Die entsprechenden Opfer oder Handlungen des Analogiezaubers (z.B. rituelles Ausgießen von Wasser um Regen herbeizuführen) werden dann wieder im Normalzustand durchgeführt. Andere Medizinmänner vollziehen diese Handlungen auch ohne vorangehenden Trancezustand oder nach Befragung eines Orakels, bei dem die Ahnen den Fall und die Anordnung von geworfenen Hölzchen oder Knöchelchen steuern oder das Verhalten von Tieren, woraus dann die erforderliche magische Handlung abgelesen wird. Zauberer (mchawi) wird, wer durch eine herausragende und meist böse Tat Aufnahme in eine Geheimgesellschaft anderer Zauberer gefunden hat, die dann die Ausbildung übernehmen.

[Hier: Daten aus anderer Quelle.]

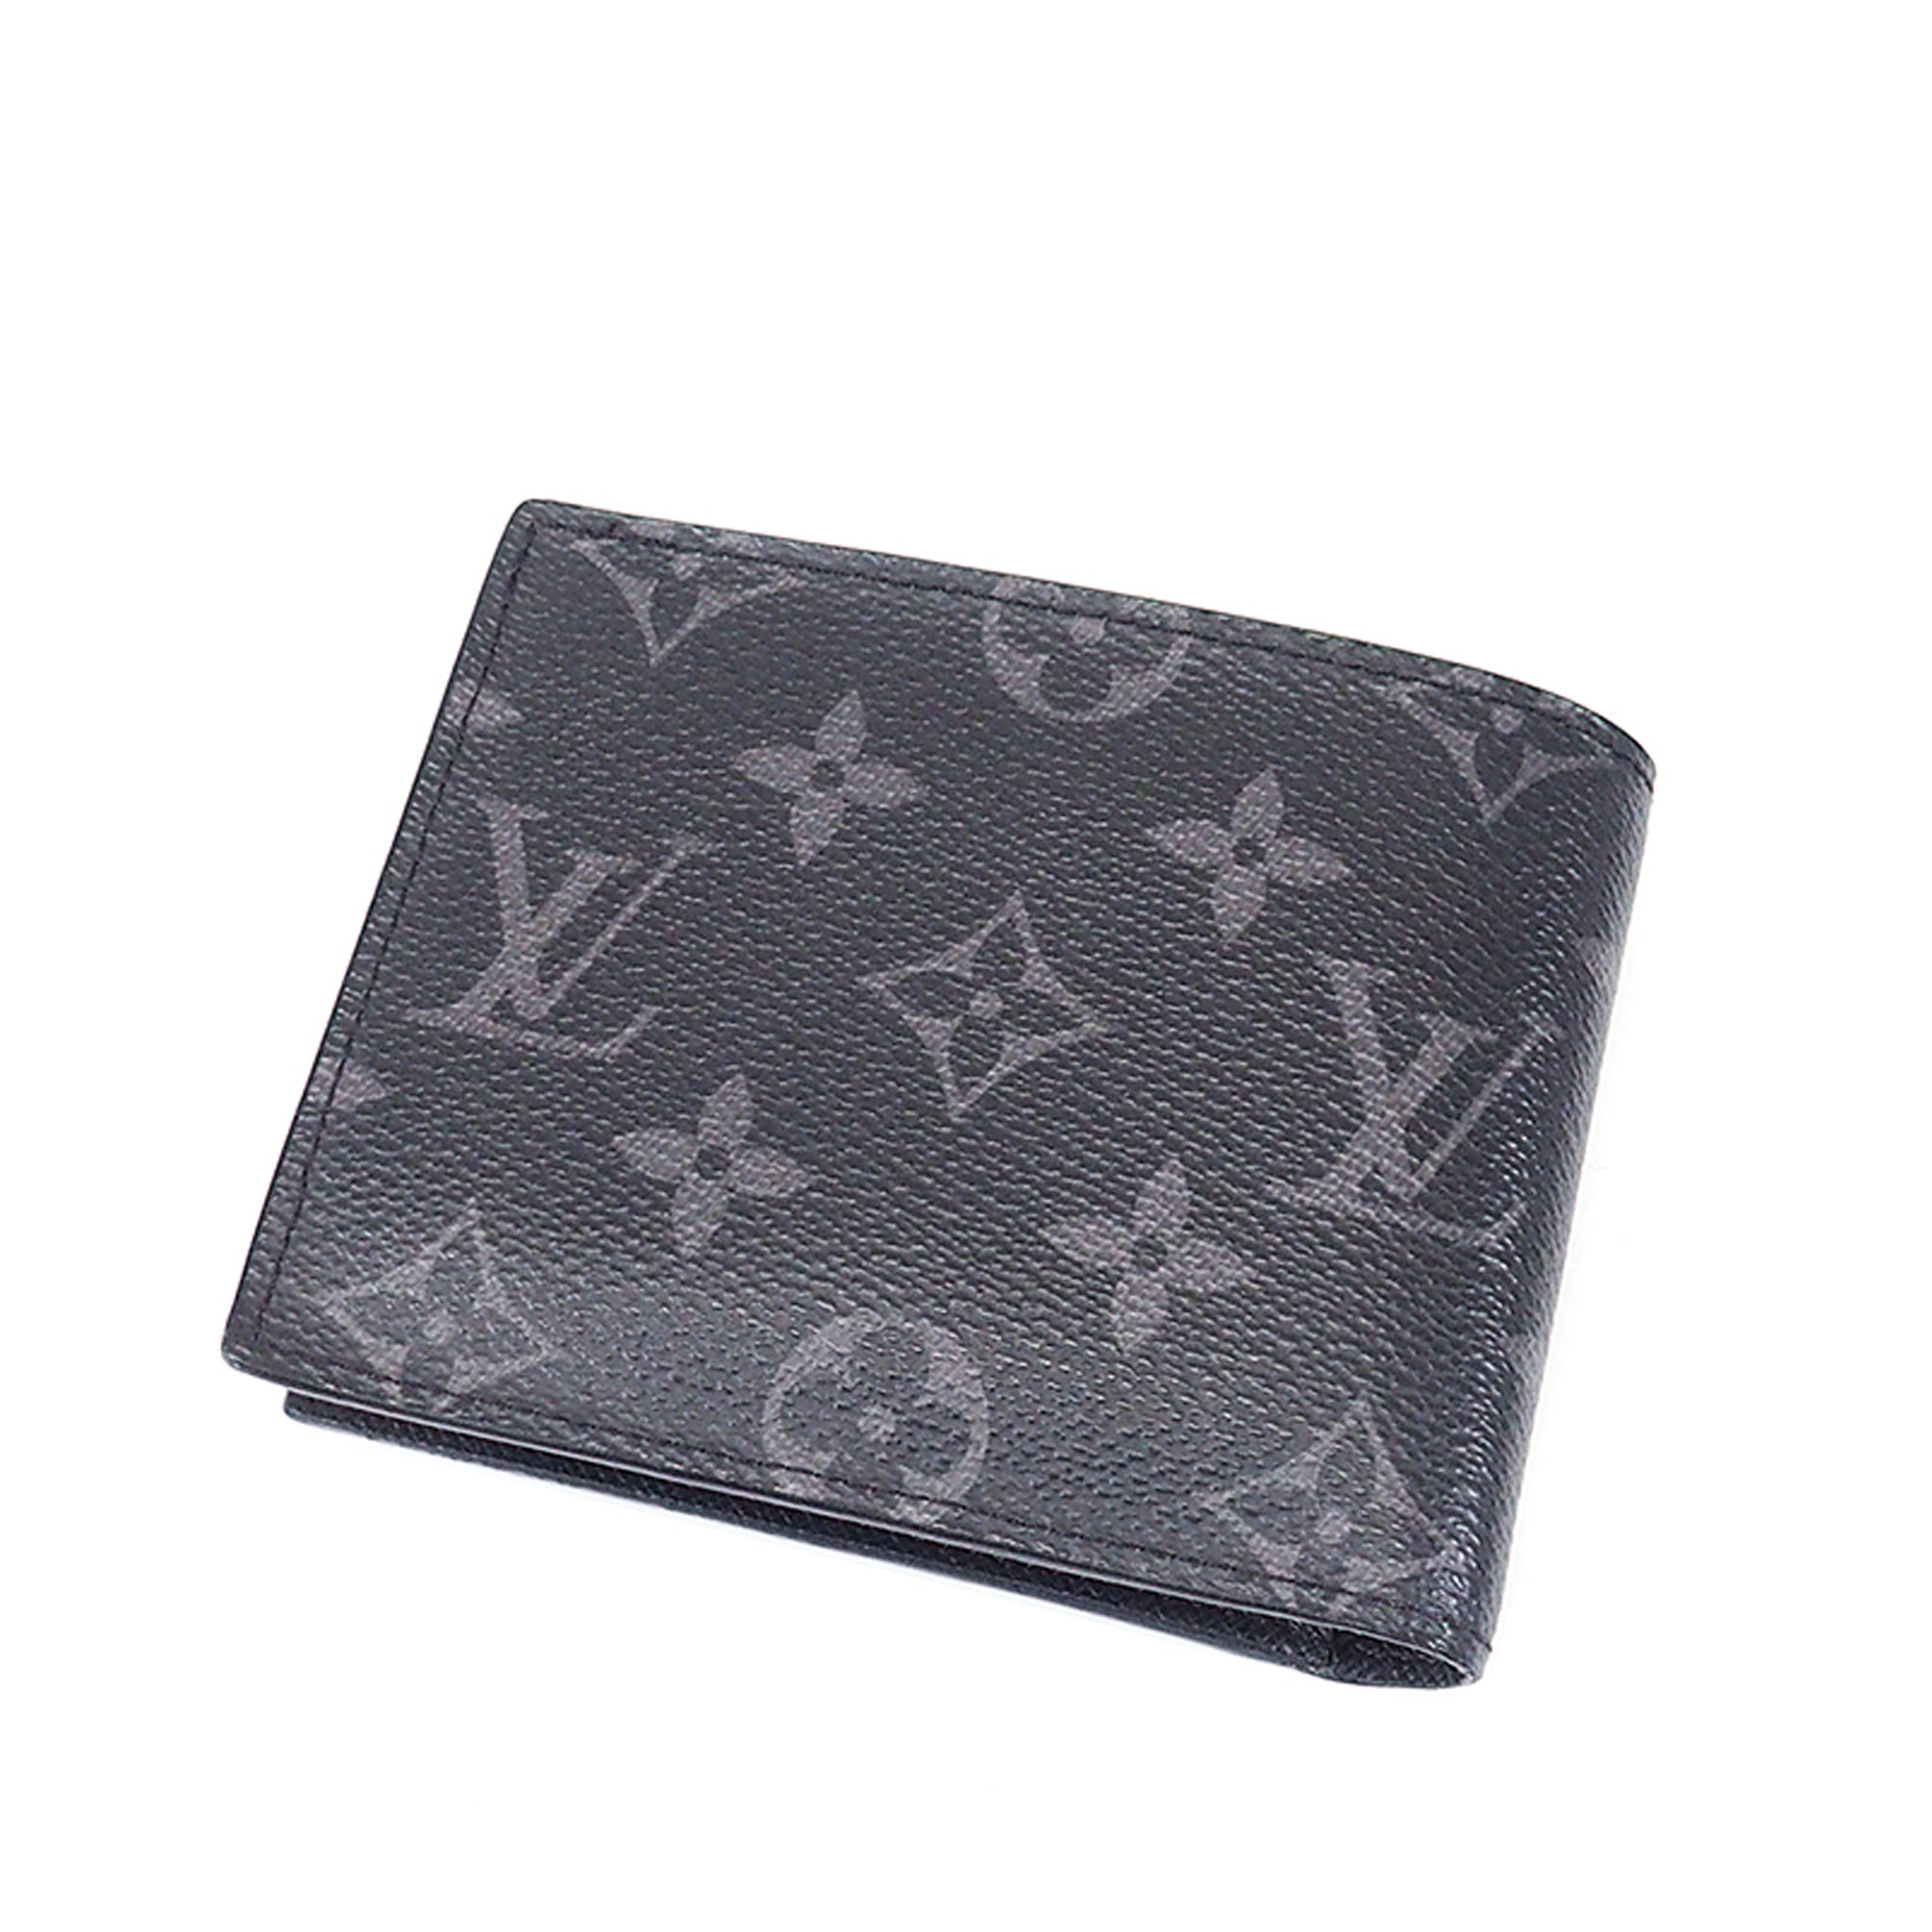 Slender Wallet Taurillon Monogram  Wallets and Small Leather Goods  LOUIS  VUITTON

Diese Eintrittstat besteht z.B. in Nekrophagie (Verspeisen von Leichenteilen), der Ermordung eines Verwandten, was meist durch Gift geschieht, oder durch - nur von uns so bezeichnete - Tierquälerei. Nach der Tat, die den Nekrophyten natürlich in die Hand seiner Kollegen gibt, sucht man sich die Kraft von Noch-nicht-Ahnen anzueignen. Dies sind jüngst Verstorbene, deren mehrwöchige Umwandlung zum Ahnen noch nicht abgeschlossen ist, und die von den Zauberern nun gestört wird. Geöffnete Gräber, die von den Verwandten des Verstorbenen nicht genügend betreut wurden, zeugen davon. Durch den Tanz der Zauberer auf dem betroffenen Grab wird der Untote hervorgeholt und nun entweder seiner Kraft beraubt oder selbst zu Untaten gezwungen. Häufungen von Todesfällen zeigen die Aktivitäten solcher Geheimgesellschaften an, und den betroffenen Dorfbewohnern bleibt oft kein anderer Ausweg, als der eines Umzuges in eine einige Kilometer entfernte Gegend. Versehen mit der neugewonnenen Kraft vermögen sich die Zauberer auch in Leoparden zu verwandeln oder die Untoten in Leopardengestalt auszusenden, um ihre Mitmenschen zu terrorisieren.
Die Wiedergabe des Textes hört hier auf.